Supplied material:
++++++++

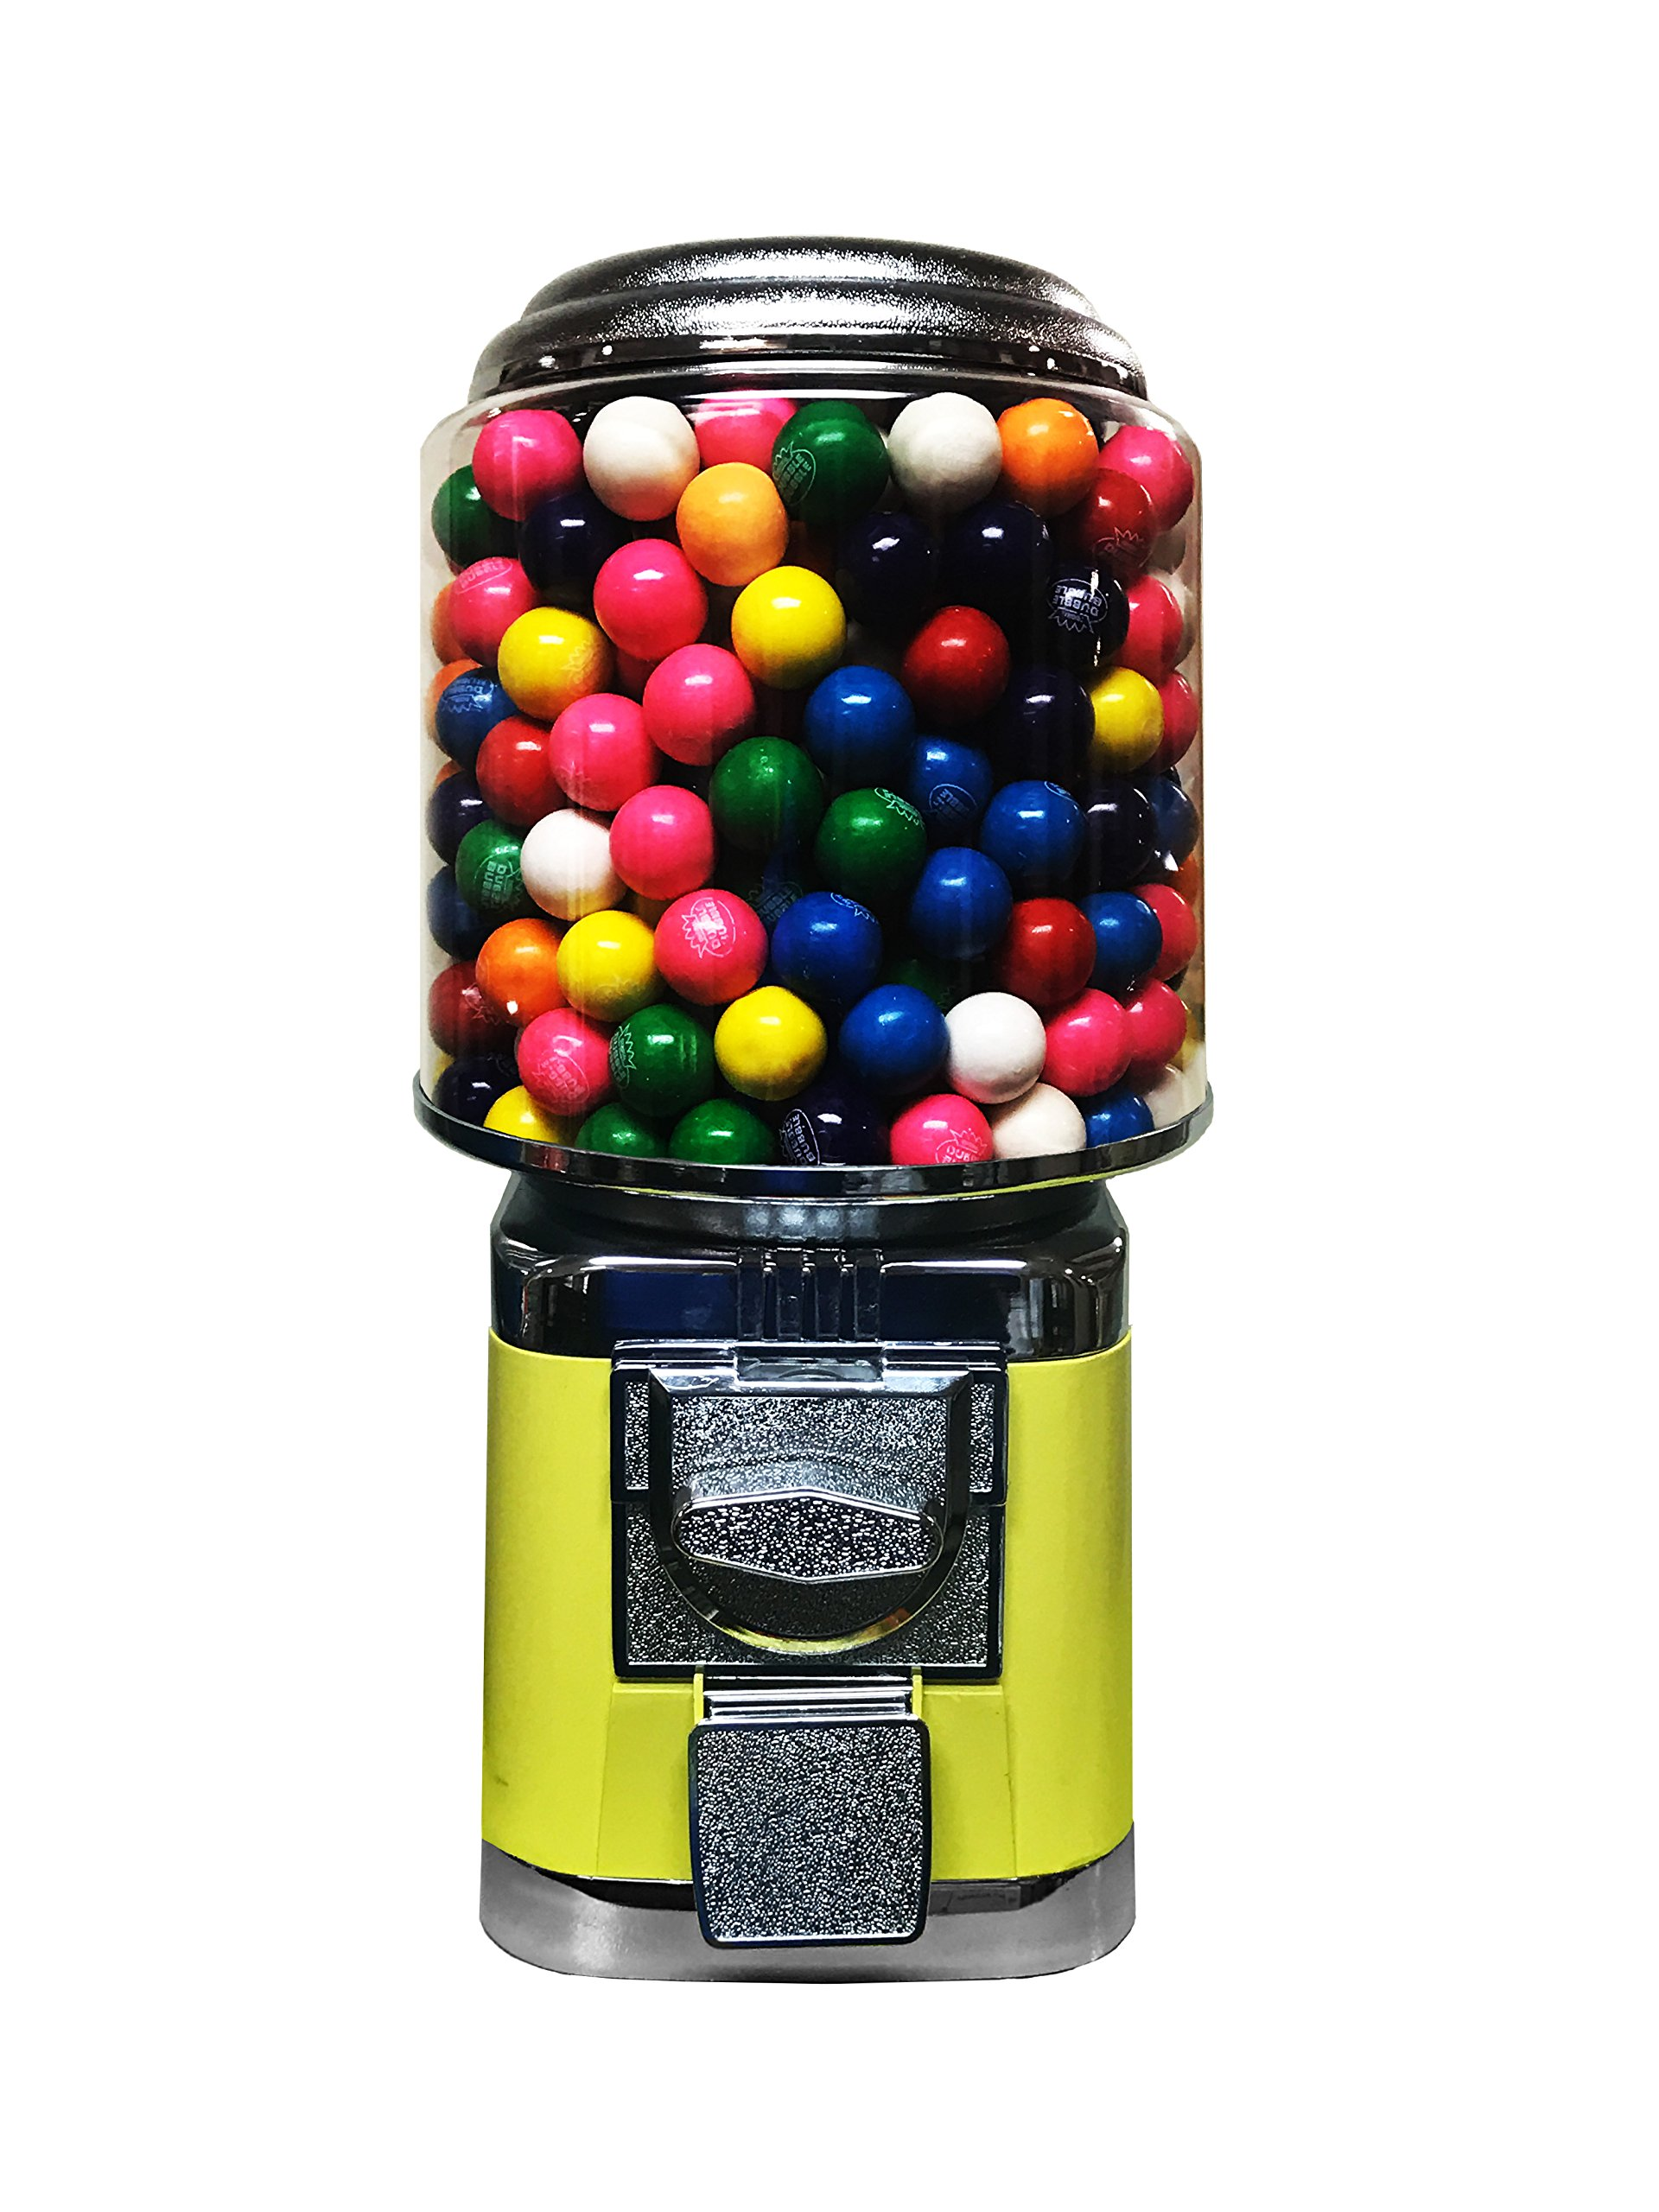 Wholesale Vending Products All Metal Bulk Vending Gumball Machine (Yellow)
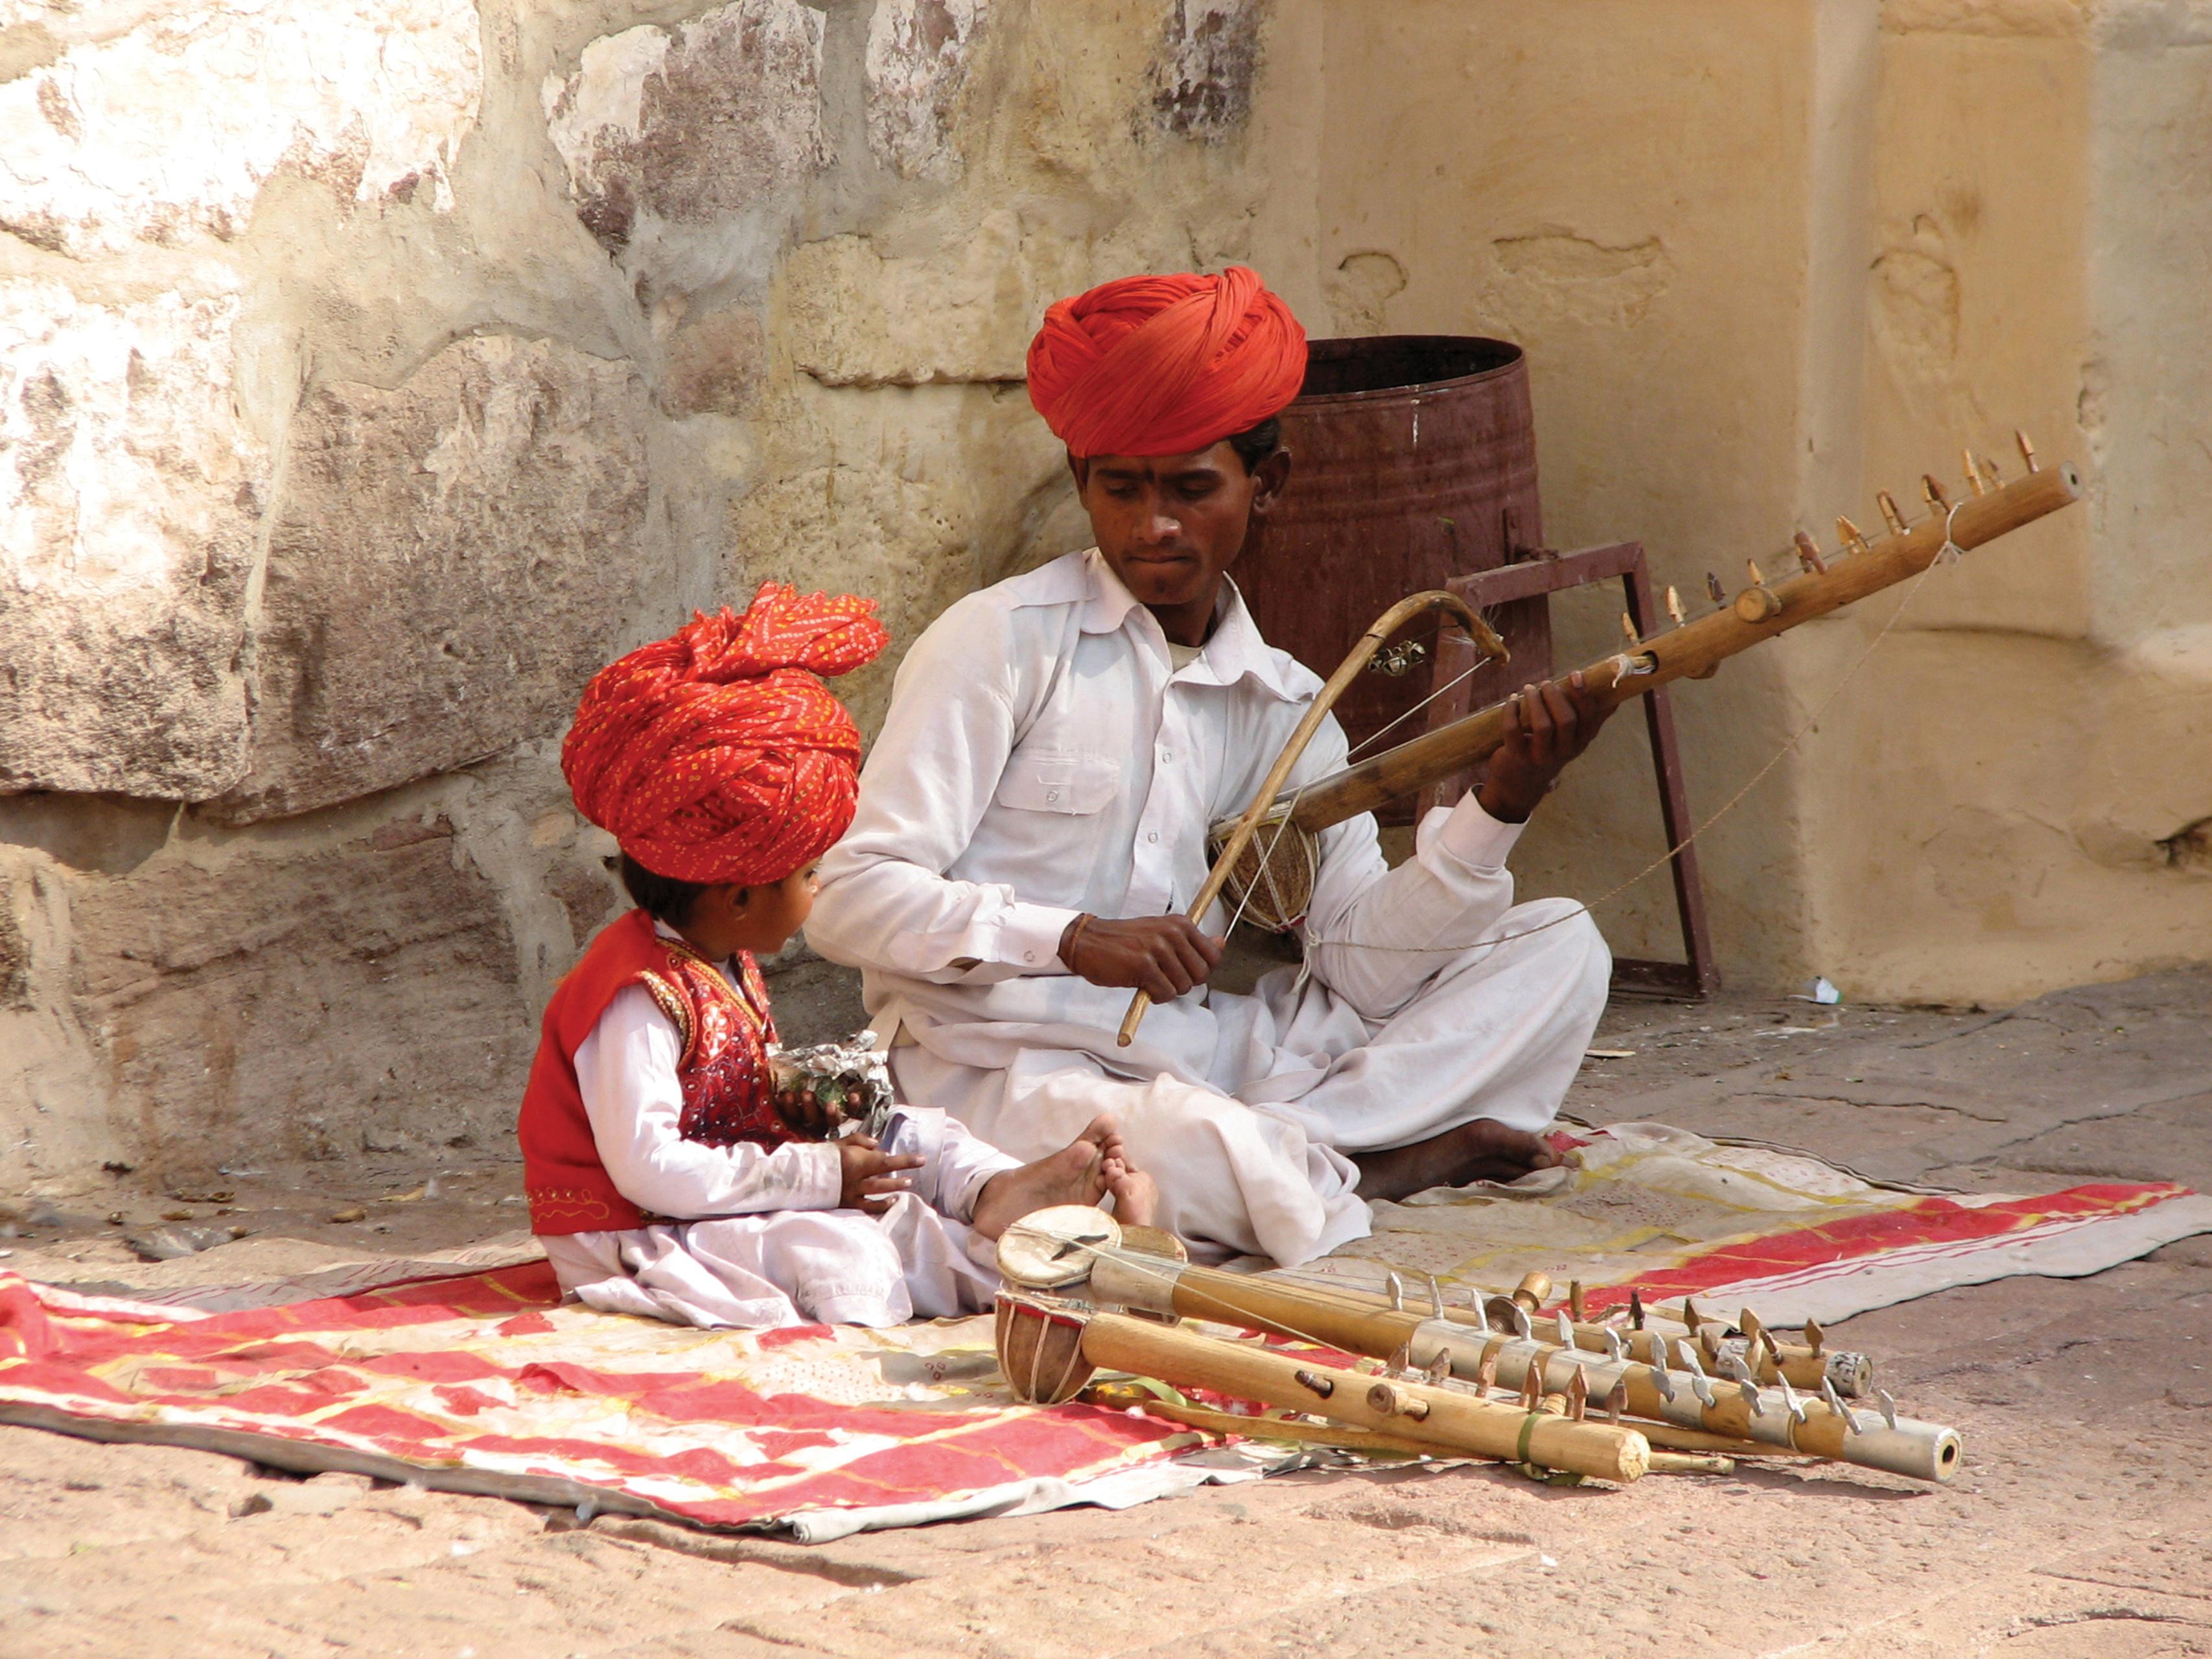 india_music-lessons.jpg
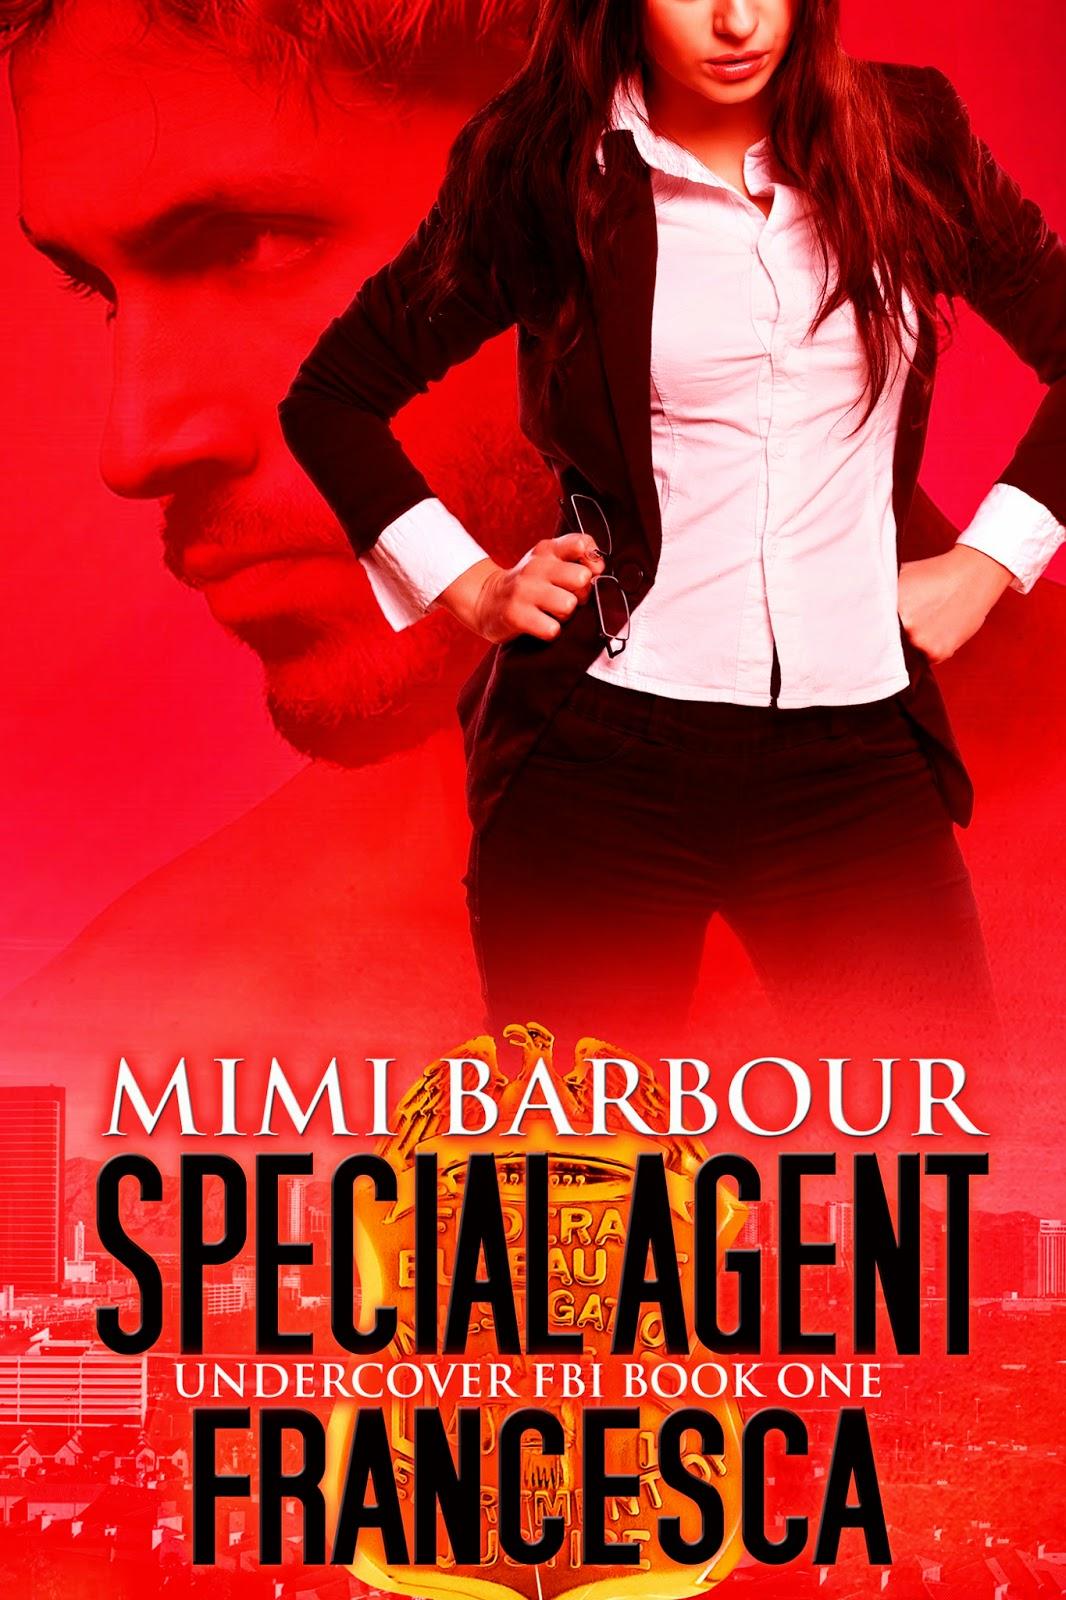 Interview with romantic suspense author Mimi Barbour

++++++++

Problem description: Output the data above without changes, apart from leaving out the pictures.

Response area:
 Wholesale Vending Products All Metal Bulk Vending Gumball Machine (Yellow)
 india_music-lessons.jpg
 Interview with romantic suspense author Mimi Barbour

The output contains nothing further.